Toxoplasma gondii (T. gondii), an obligate intracellular parasite belonging to phylum Apicomplexa, is a zoonotic protozoan able to infect many warm-blooded animals including humans, resulting in a globally widespread disease known as toxoplasmosis.¹ This disease can potentially cause life-threatening conditions in high-risk groups, including pregnant women and immunodeficient individuals (eg, organ transplant recipients, cancer patients, and HIV-positive patients).^2,3

T. gondii was first discovered a century ago by scientists investigating Leishmania in North Africa.⁴ Toxoplasmosis now infects 30%–50% of the world’s humans, making it a global health hazard.⁵ The Middle East’s overall infection rate is approximately 30%–50%, placing it among the global regions with the highest prevalence.^6,7 The infection’s wide distribution is likely to be due to its complex patterns of transmission and parasite coevolution with multiple hosts.⁸

The global seroprevalence of T. gondii is extremely varied (from 1% to 100%), and frequently also shows significant variations within a country, and even between different regional communities.^9–11 Numerous factors influence these differences, including environmental, socioeconomic, eating and drinking habits, available health care facilities, hygiene and sanitation, host susceptibility, geographical location, and soil humidity.^9,10,12 However, to date, the relative effects of each of these factors have not been fully established, except for the fact that they vary from area to area. Therefore, understanding the possible sources of infection in specific communities can support the planning of cost-effective food safety and public health interventions by providing vital information.¹⁰

As far as the author is aware, no previous research study has investigated the overall seroprevalence of T. gondii infection among women in Saudi Arabia, nor has any prior author explored the overall risk factors influencing the infection in this country. The present systematic review and meta-analysis was therefore carried out to establish T. gondii seroprevalence among previously studied samples of Saudi women of reproductive age, and to evaluate the possible risk factors associated with T. gondii seroprevalence in this sector of the population.

Methods

The review searched three electronic databases (PubMed, Science Direct, and Scopus) for studies published between January 2000 and December 2017. Figure 1 shows the search process and explains how the final number of articles included in the review was reached after following the various steps of the process, along with the number of articles at each stage. The searches used the key words “Toxoplasmosis” or “Toxoplasma” or “Toxoplasma gondii” or “T. gondii” and “Saudi Arabia.”
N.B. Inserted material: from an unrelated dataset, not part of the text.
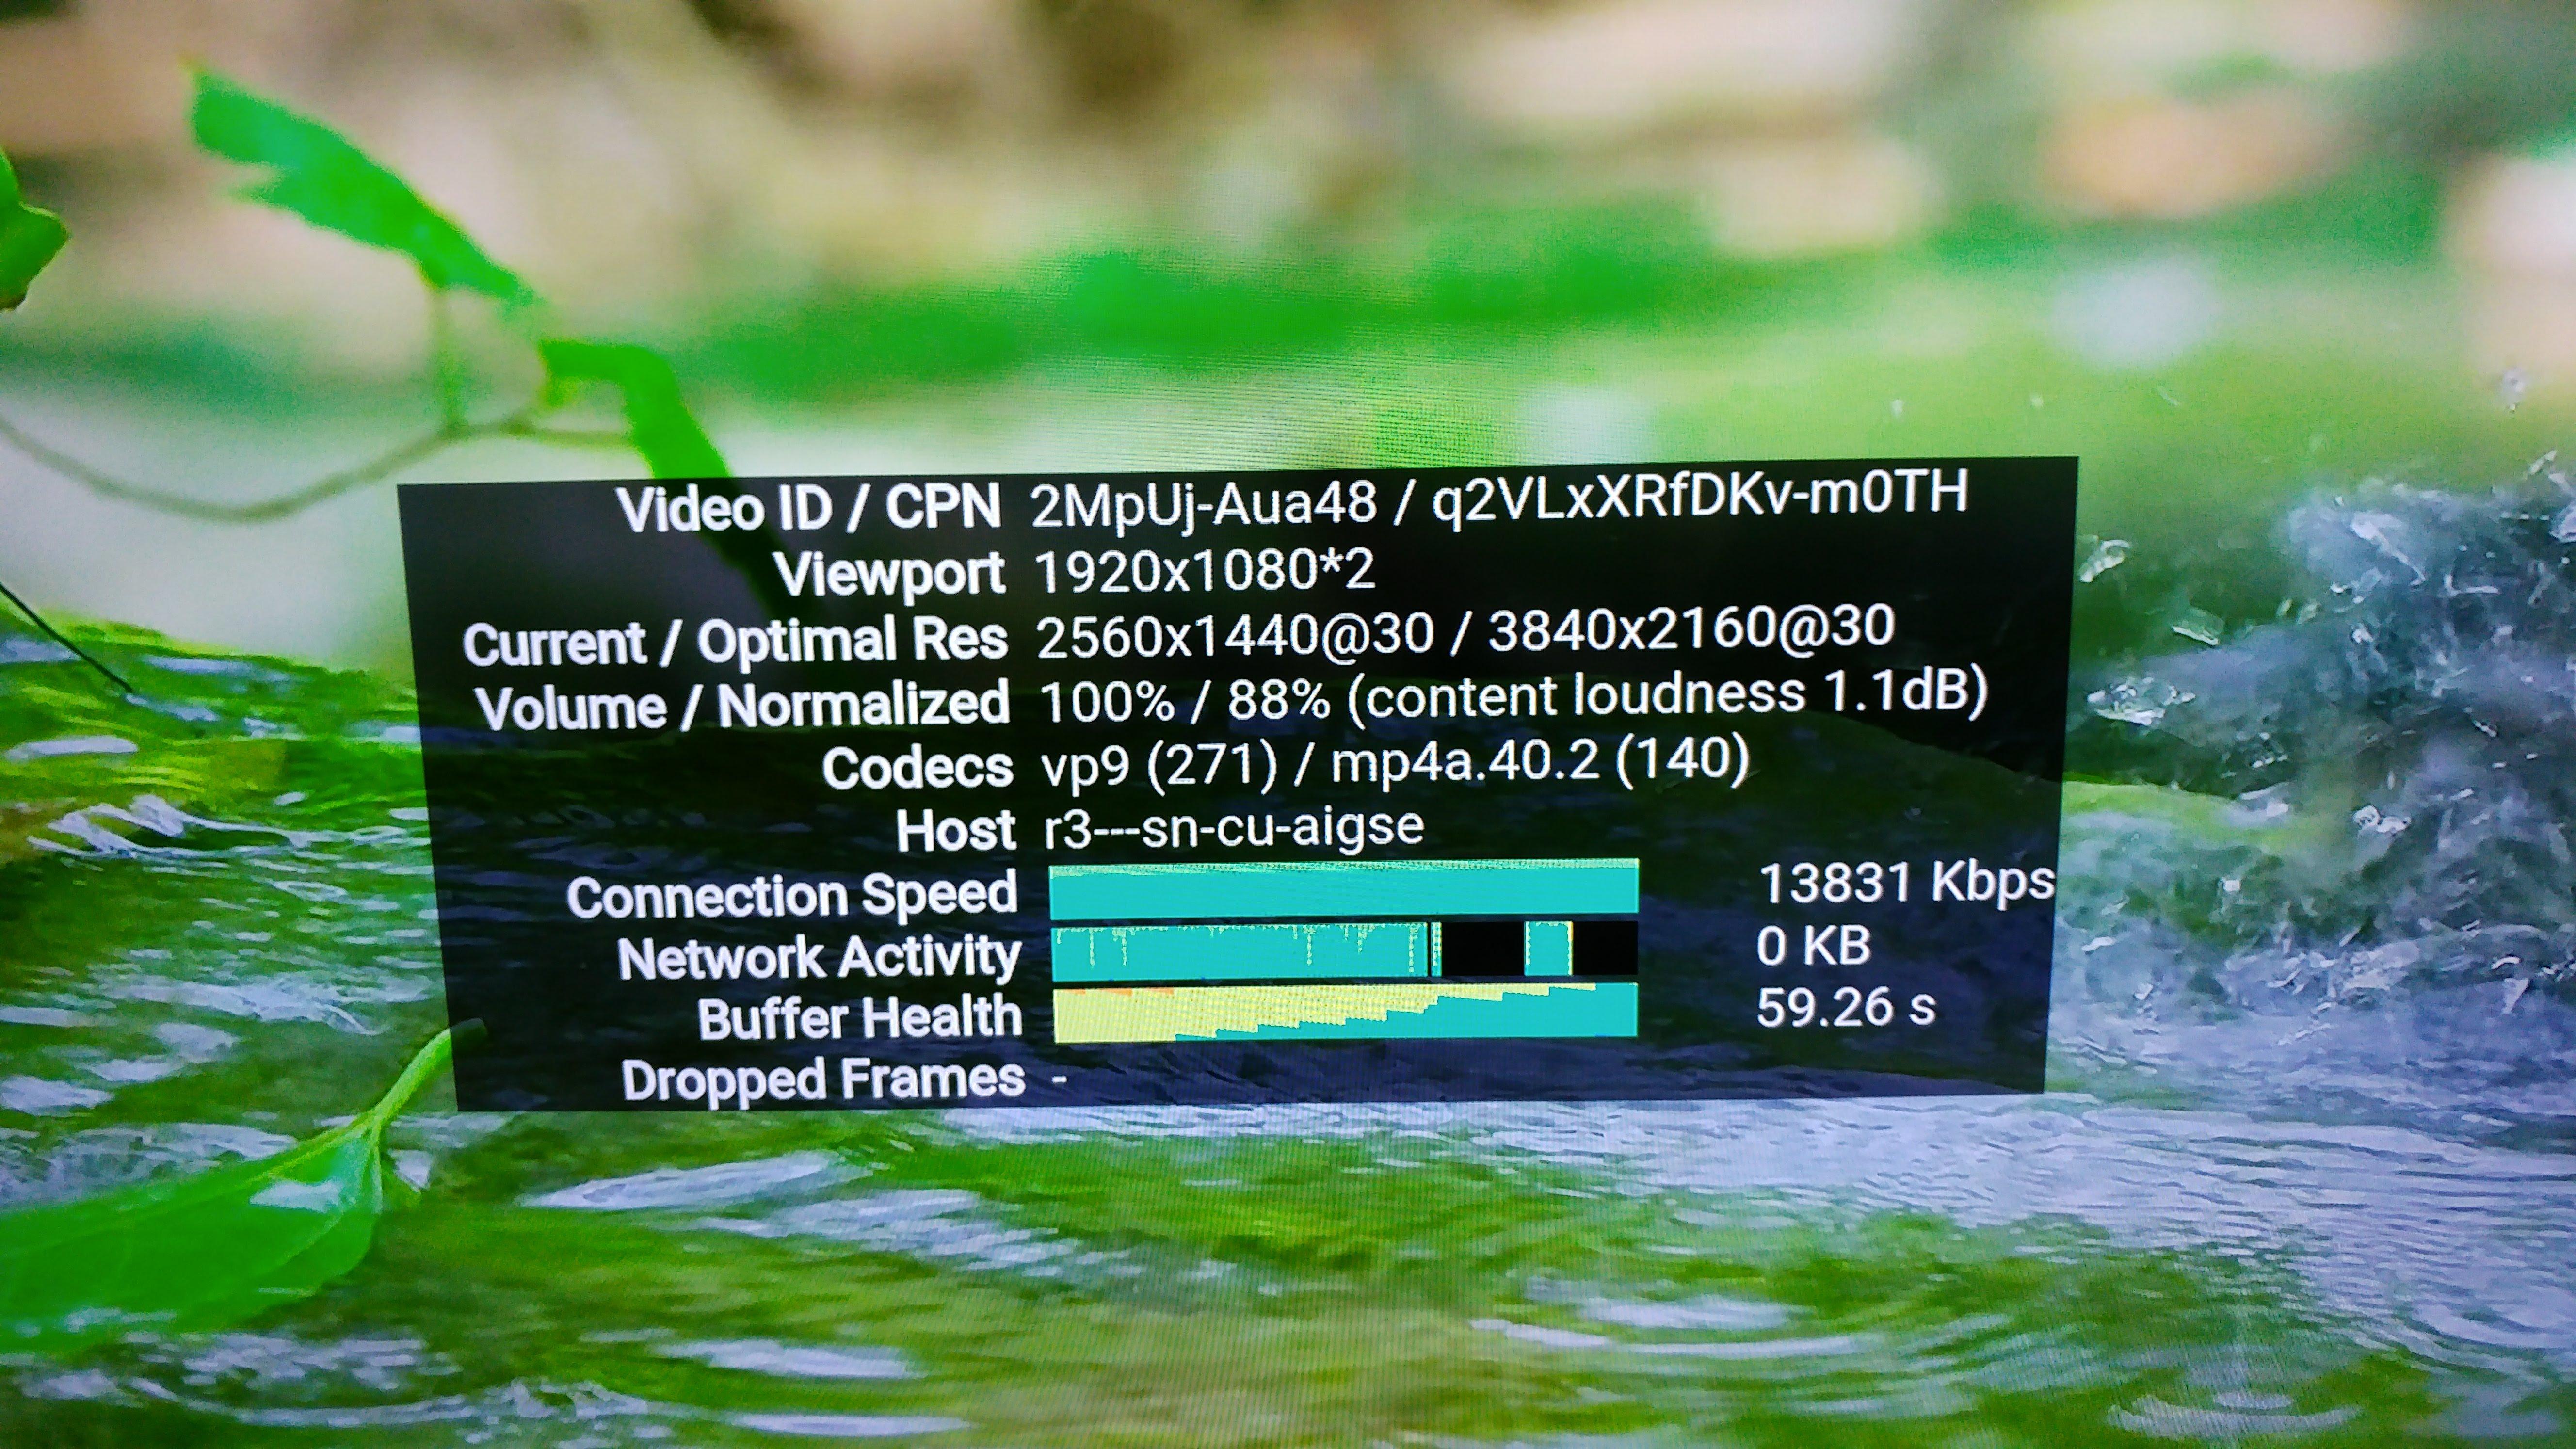 Question - 4k YouTube on Samsung TV | AVForums
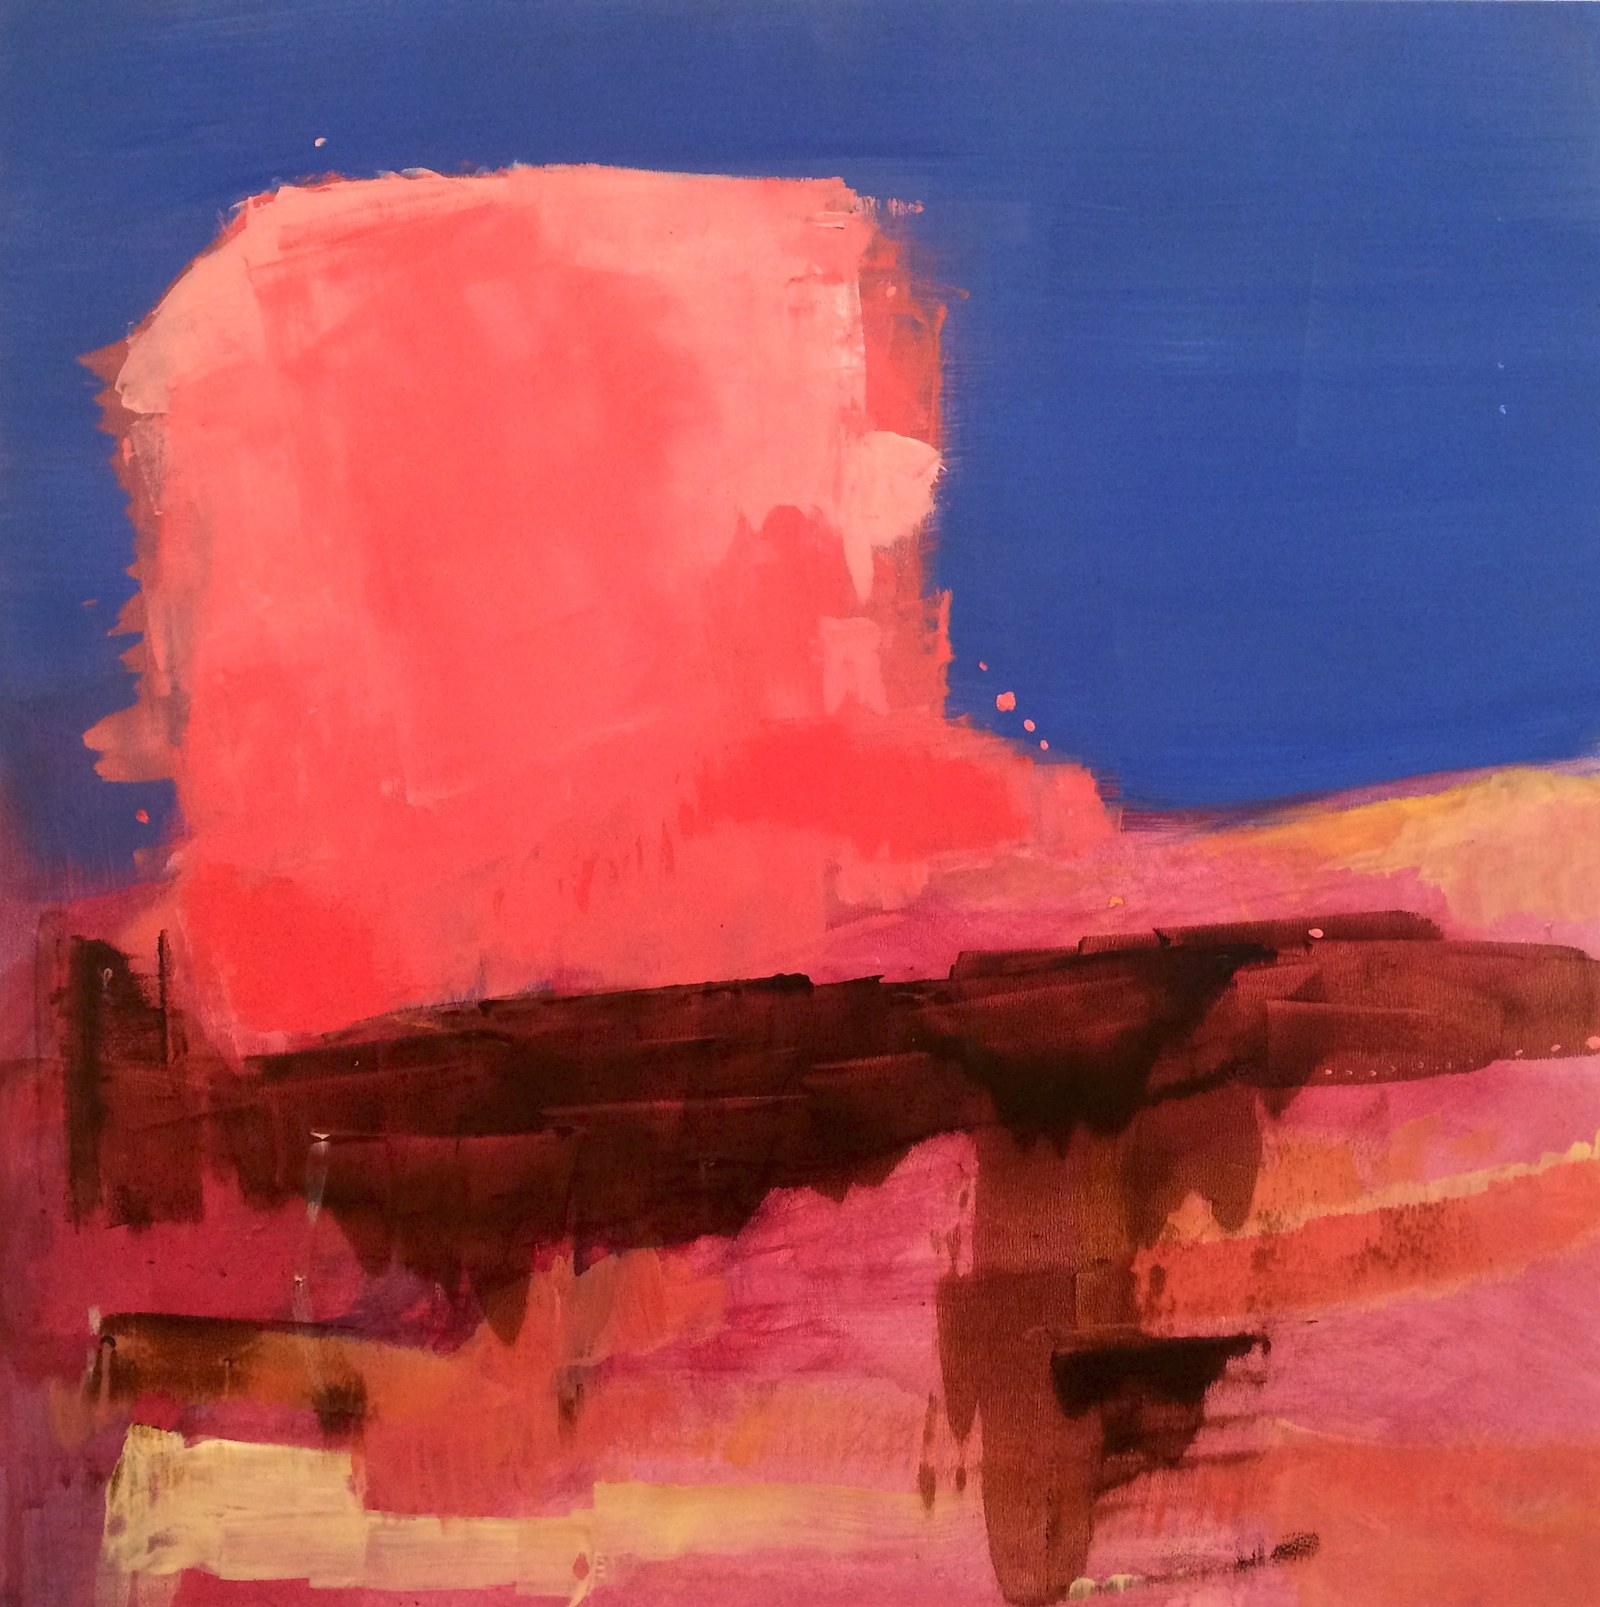 how time feels (sanguine), 40 x 40 cm, 2016, Jane Hughes

Figure 1 Flow diagram of the selection process used in the review.

Note: Reproduced from PLoS Medicine (OPEN ACCESS) Moher D, Liberati A, Tetzlaff J, Altman DG, The PRISMA Group (2009). Preferred Reporting Items for Systematic Reviews and Meta-Analyses: The PRISMA Statement. PLoS Med 6(7):e1000097. doi:10.1371/journal.pmed1000097.⁴⁵

Studies were eligible for the review if they matched the following criteria: 1) they were cross-sectional in design; 2) they had been performed in mainland Saudi Arabia; 3) their sample constituted healthy female subjects of between 15 and 49 years of age; 4) they used serological diagnostic methods; 5) they provided exact totals and positive numbers; and 6) their sample size was >25 to facilitate statistical calculations.¹³

All potentially eligible papers were carefully checked, and their year of publication, first author, study location, total sample size, number of subjects with positive test results (IgG+, IgM+, or both IgG+ and IgM+), and diagnostic methods for T. gondii were gathered using a preset data extraction form. The form also gathered the data from the studies on possible risk factors, including sociodemographic characteristics, behavioral factors, obstetric history, and other maternal factors.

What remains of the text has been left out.